One of our programmers gave one of our contract writers
an electronic file of text to be inserted into part of a technical
explanation. The programmer has a wry sense of humor.
He added a tongue-in-cheek ending to a paragraph that
obviously needed more. The writer left the comment in for
the book's inspection, thinking that it would generate some
discussion which might produce the rest of the information
she needed.
Time marches on. The contract writer leaves. Someone
takes the book through the printing cycle. The team leader
in the writing department sees this paragraph in the
"still-smells-of-ink" copy from the printer's drop shipment:
[Don't try to make sense of the text. I wouldn't be able to
decypher it for you either.]
"When interactive feeders are left unattended, the system
operators would have to take the same actions they take today
when this occurs, (Run in circles, sing, and shout)."

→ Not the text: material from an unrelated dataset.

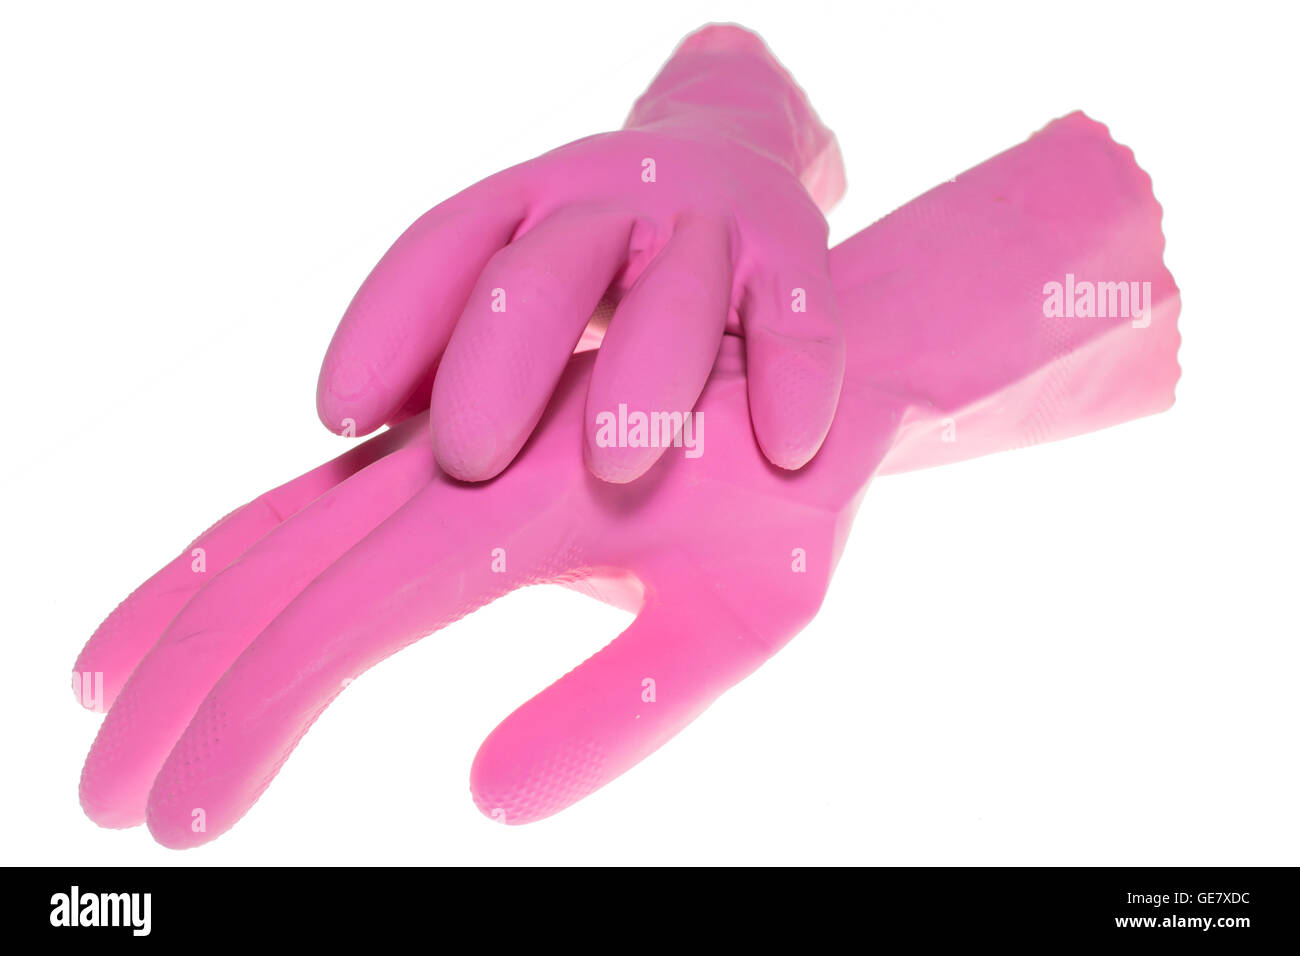 pink rubber gloves on white background Stock Photo

We were part of IBM at the time (. . .and no, that's not the reason
we aren't there today!). Even through our embarrassment,
we still think it's hilarious. The book's first printing went out
with the comment. Only one customer mentioned it.
Debbie Lemasters
debbie -dot- lemasters -at- marcam -dot- com
>There is also another way to get source material. I call it "writing by
>provocation." This is sometimes what you have to resort to when your
>source information is incomplete or inaccurate, and you can't get what
>you need any other way.
Pat Madea writes:
>The hidden danger is missing a small hole or leaving some verbiage in
>a large document that I used merely as a textual placeholder.